Right-wingers suspect he wants the party to be in what they deride as “the soggy centre” where the three main parties have often converged – and to where Labour might yet return before the 2020 general election if it ditches Mr Corbyn. “People who stand in the middle of the road get run over,” one Tory MP said. Right-wingers also point out that the three mainstream parties have lost votes to Ukip, the SNP and the Greens.

But Mr Cameron is convinced that veering to the right would squander a golden opportunity for the Tories to entrench themselves as the natural party of government. He insists that occupying the “common ground” will still allow the Government to bring in radical reforms in areas such as social care and prisons.

Five years in coalition brought home to him the dangers of a “centre ground” approach. The Lib Dems normally split the difference between the two biggest parties, as epitomised by their pledge to “cut less than the Tories and borrow less than Labour”. At their conference in Bournemouth last month, senior Lib Dems admitted their resulting identity crisis contributed to their rout at the May general election.

Mr Cameron has long favoured a “common ground” approach. In 2013, he argued: “The battle for Britain’s future will not be won in lurching to the right, nor by some cynical attempt to calculate the middle distance between your political opponents and then planting yourself somewhere between them.

“That is lowest common denominator politics – and it gets you nowhere. The right thing to do is to address the things people care about; to fix yourself firmly in what Keith Joseph called the ‘common ground’ of politics.”

Sir Keith Joseph is an inspiration for Cameron (Getty)
Sir Keith Joseph is an inspiration for Cameron (Getty) (Getty Images)

A “centre ground” strategy was favoured by Tony Blair, as he completed the work begun by Neil Kinnock in dragging Labour back from the left. As an admirer of Mr Blair for the way he modernised his party, Mr Cameron might have been expected to copy it. He still refers to Mr Blair as “the master” and once styled himself “the heir to Blair”.

It seems that the Prime Minister relies on his political instincts rather than carefully planned positioning. But George Osborne may be more calculating.

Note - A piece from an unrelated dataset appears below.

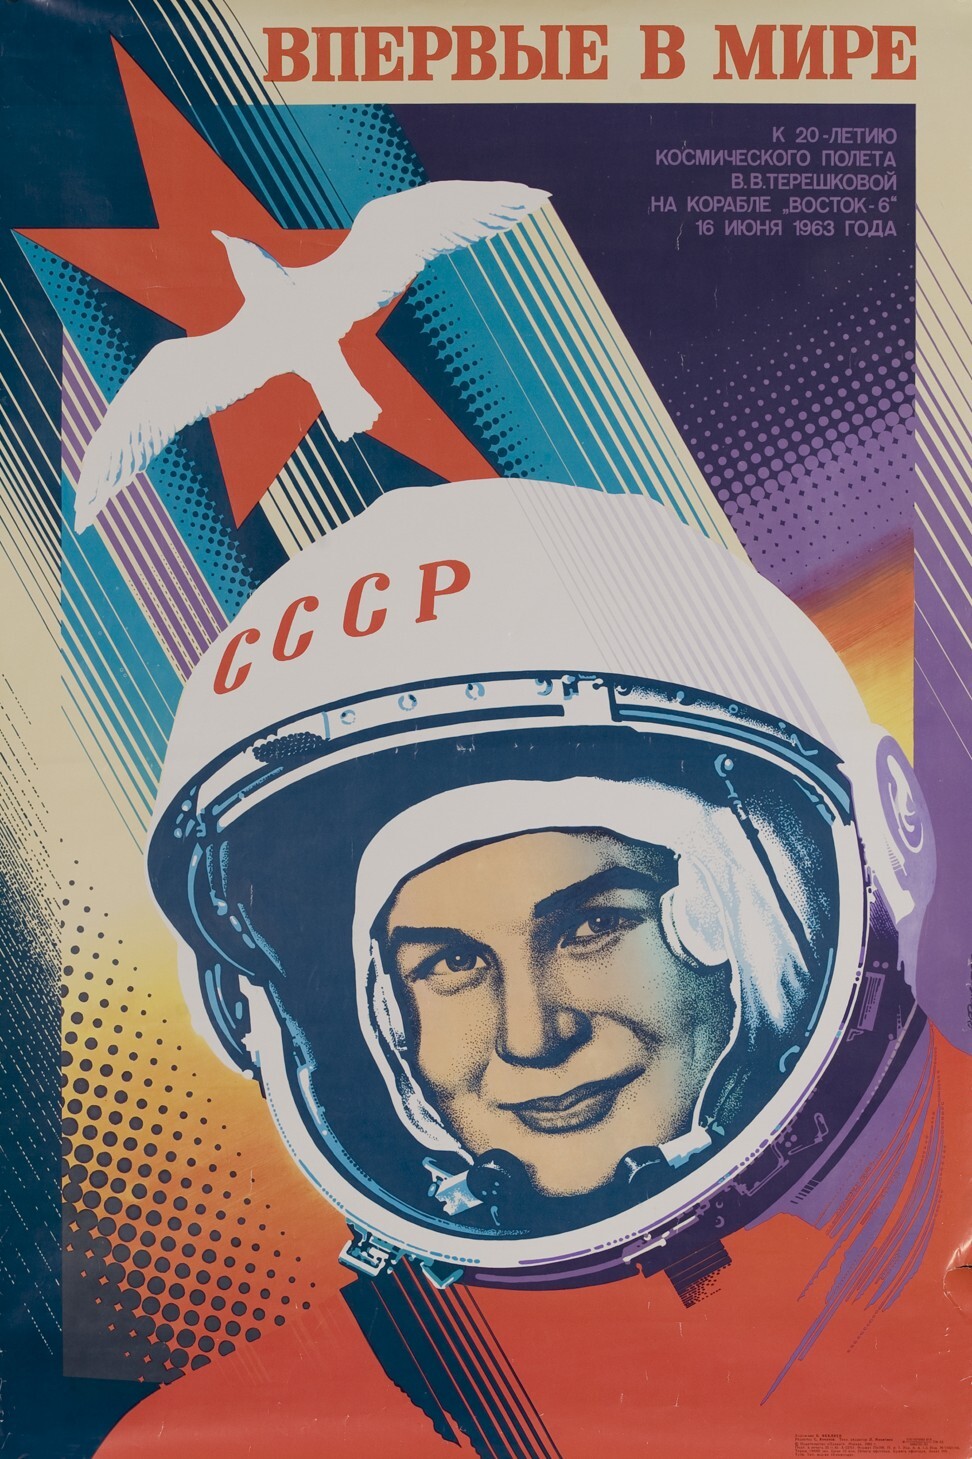 Poster commemorating the 1963 flight of Valentina Tereshkova, the first woman in space. Photo: David Pollack/Corbis via Getty Images

When Mr Cameron became Tory leader in 2005, Mr Osborne argued that the party should be equidistant between its previous leader Michael Howard and Labour’s Gordon Brown.

The Chancellor’s biographer Janan Ganesh revealed: “Osborne drew a horizontal line on a scrap of paper to represent the political spectrum. He scribbled ‘Tories’ halfway along the right side of the line, ‘Brown’ some way to the left side and ‘Blair’ in its very middle. ‘That is where we have to be,’ he said, jabbing insistently at the Prime Minister’s name.”

Positioning has its limits. In the end, voters will judge a party’s policies, competence and whether they trust it with their money. Policies such as the cuts to tax credits affecting 3.2 million people will matter more than what label Mr Cameron puts on the Tory tin.